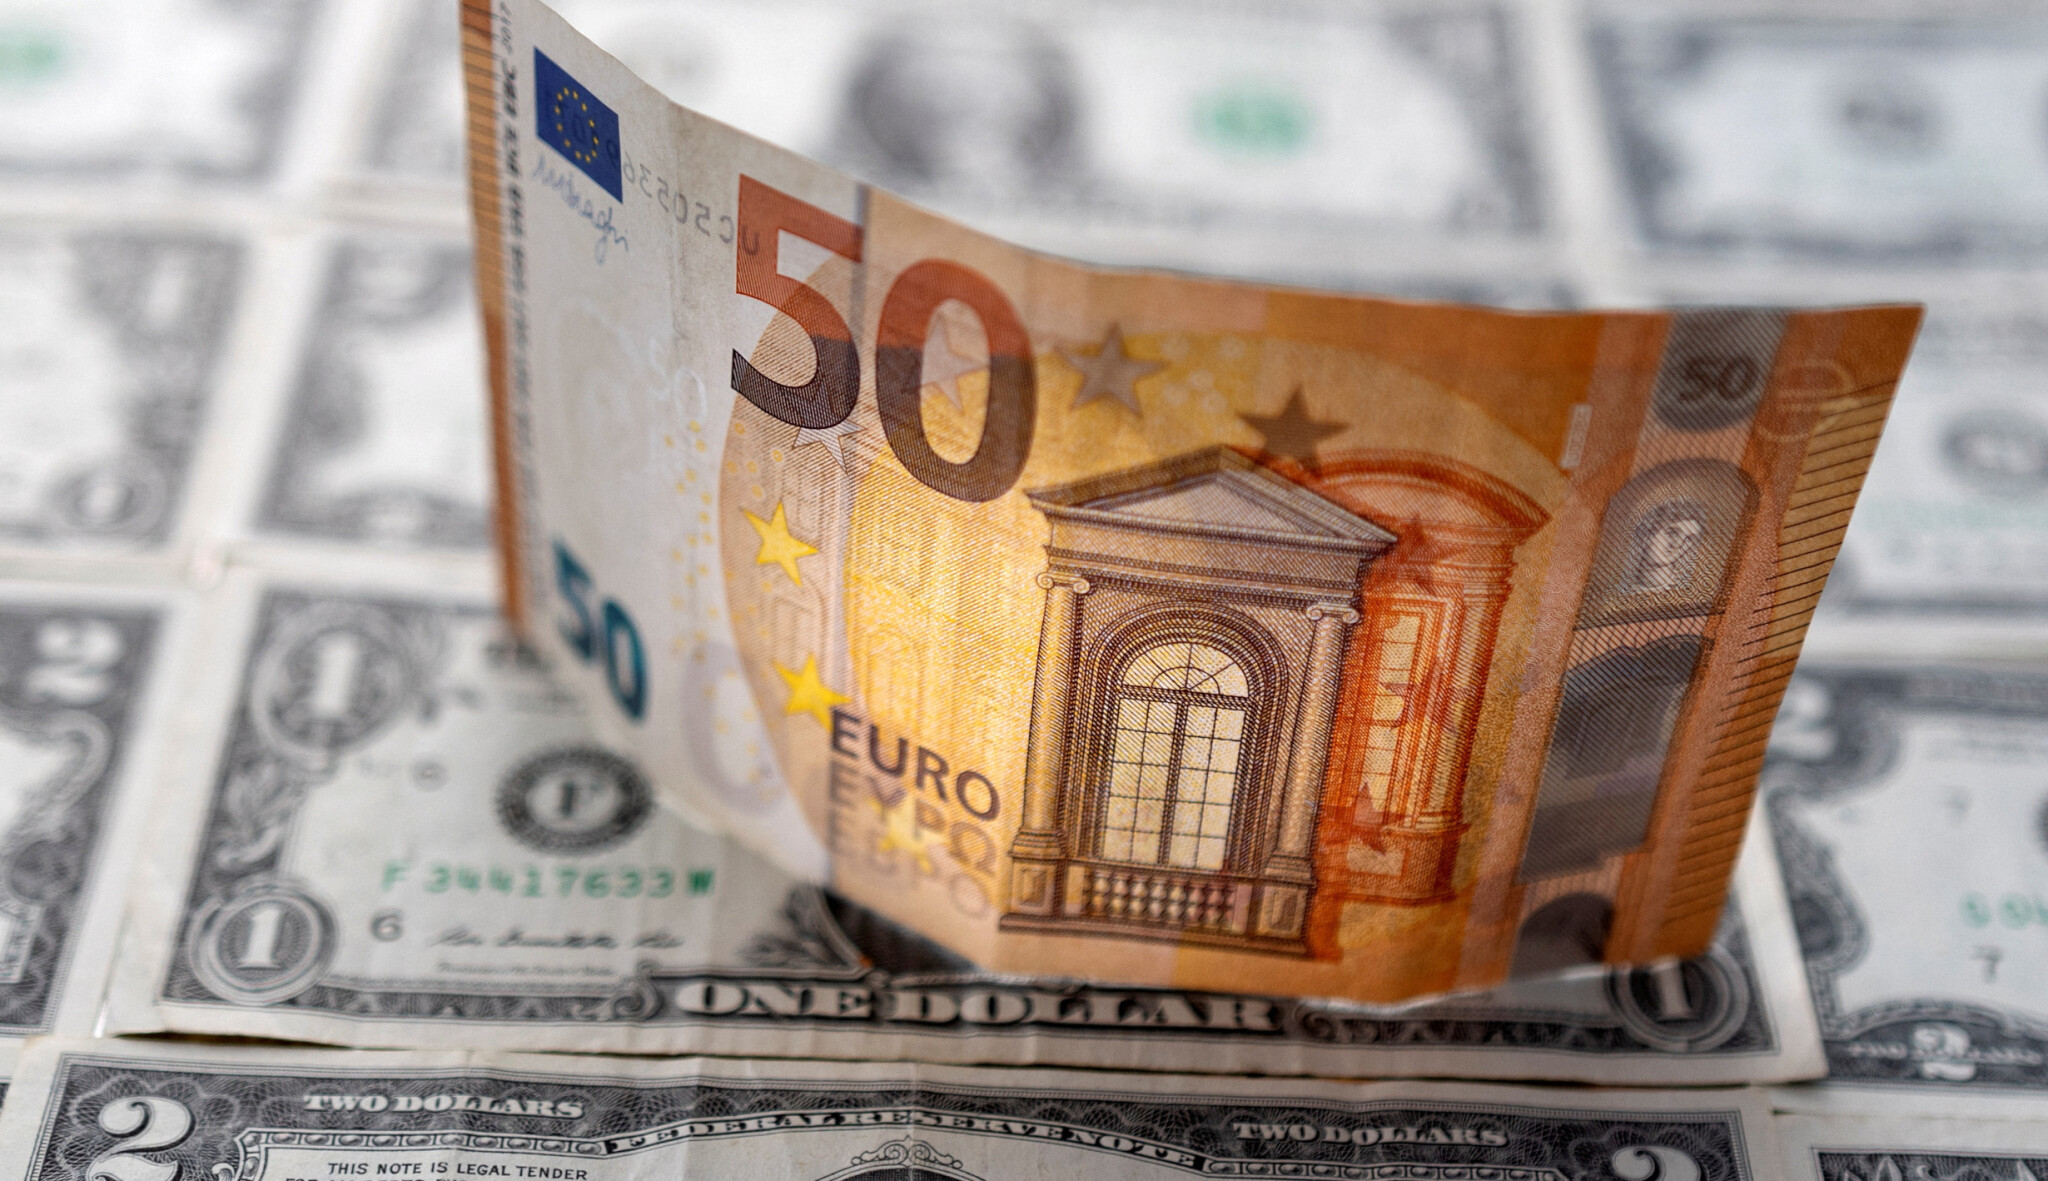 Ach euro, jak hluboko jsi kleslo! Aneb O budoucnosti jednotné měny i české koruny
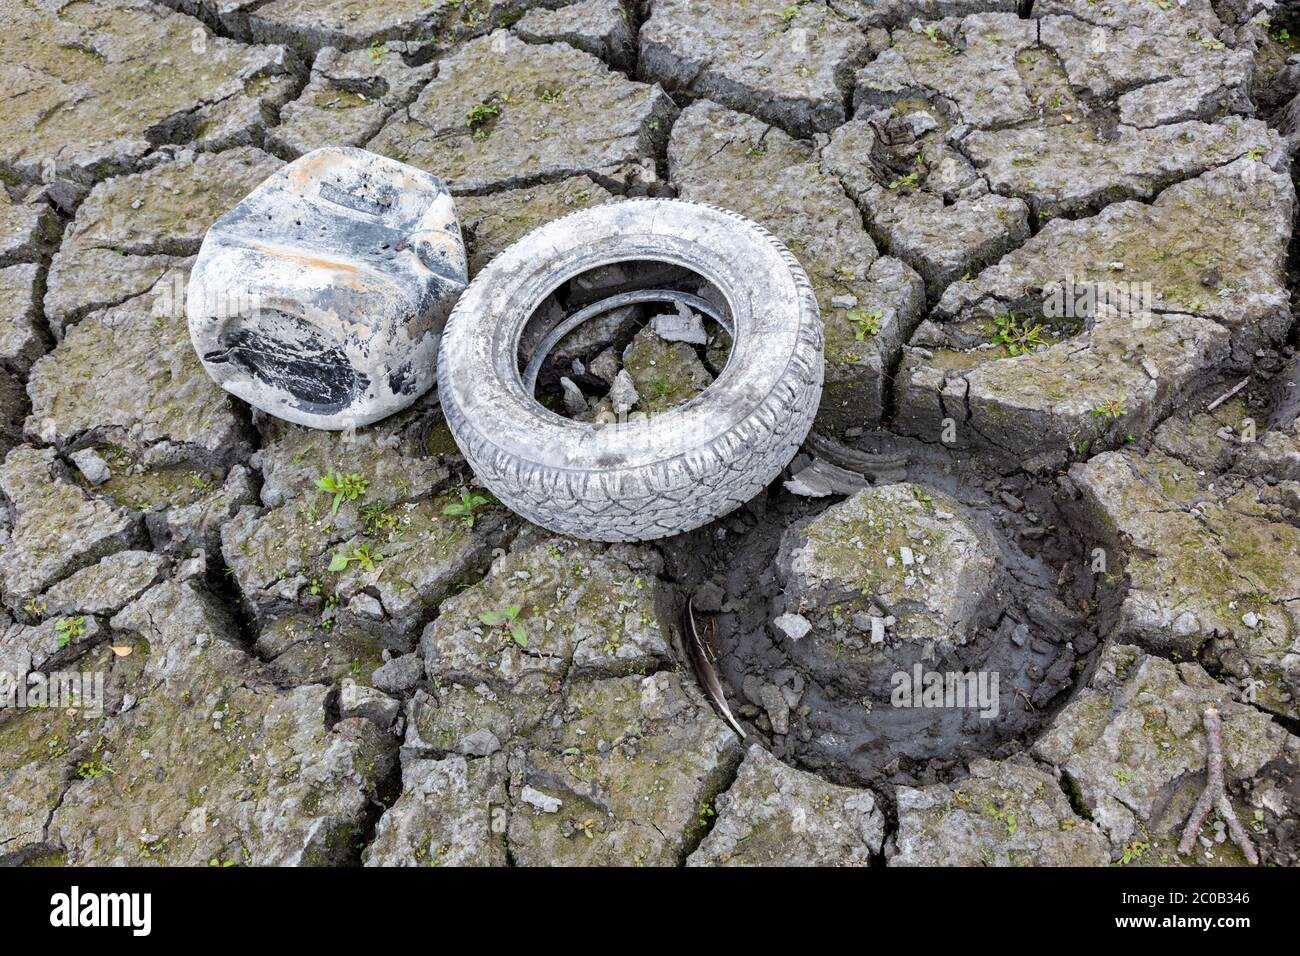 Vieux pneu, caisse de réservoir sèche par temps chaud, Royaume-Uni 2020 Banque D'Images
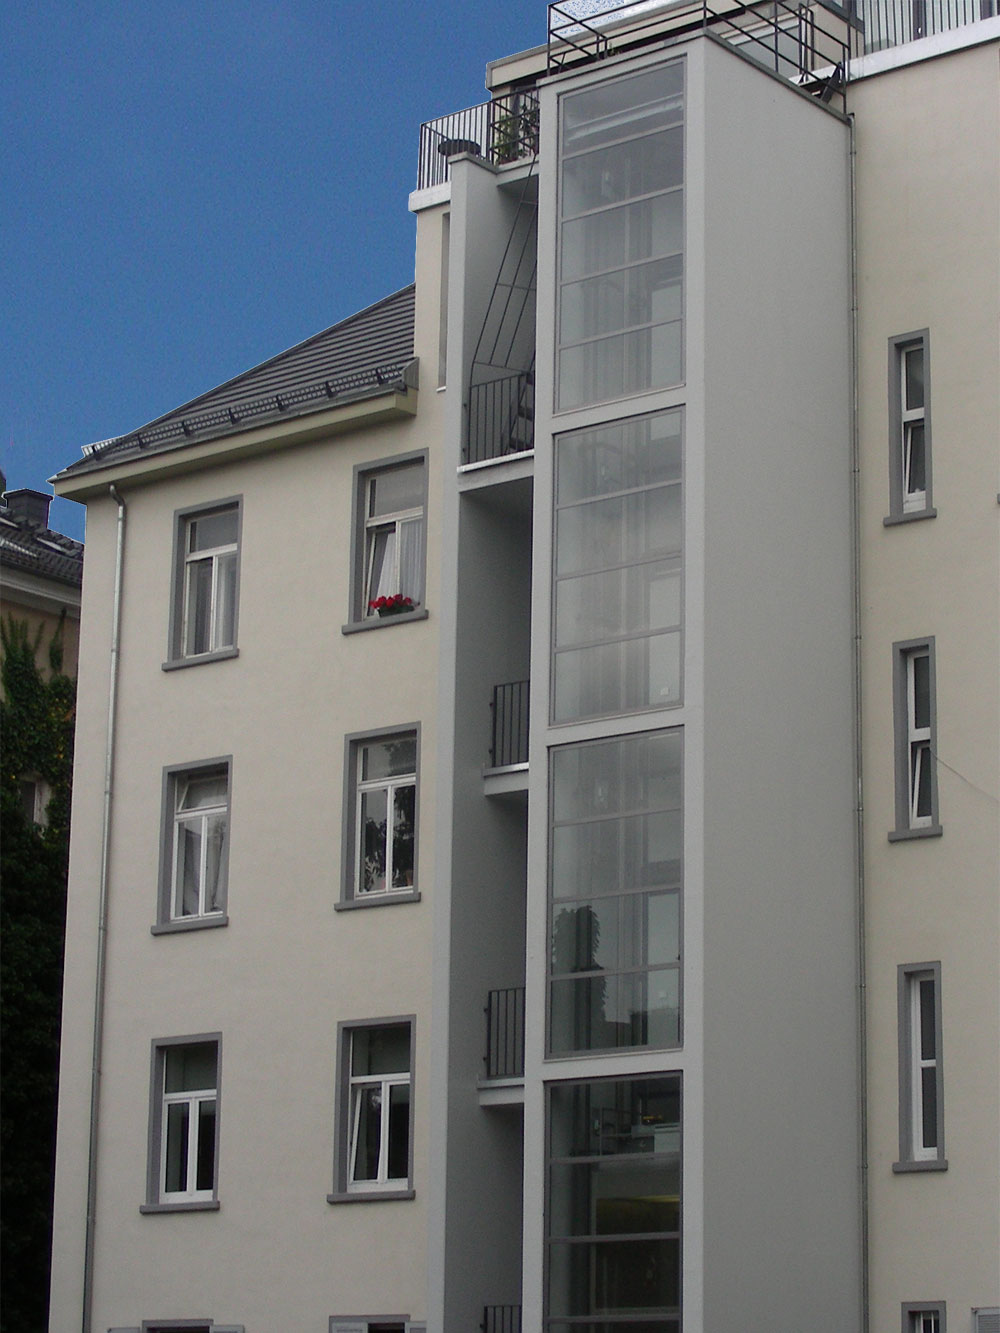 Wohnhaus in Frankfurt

■ **BRIEF**:
A faithful copy of all the data above, without its pictures, is the expected result.

■ **REPLY**:
 Ach euro, jak hluboko jsi kleslo! Aneb O budoucnosti jednotné měny i české koruny
 Vieux pneu, caisse de réservoir sèche par temps chaud, Royaume-Uni 2020 Banque D'Images
 Wohnhaus in Frankfurt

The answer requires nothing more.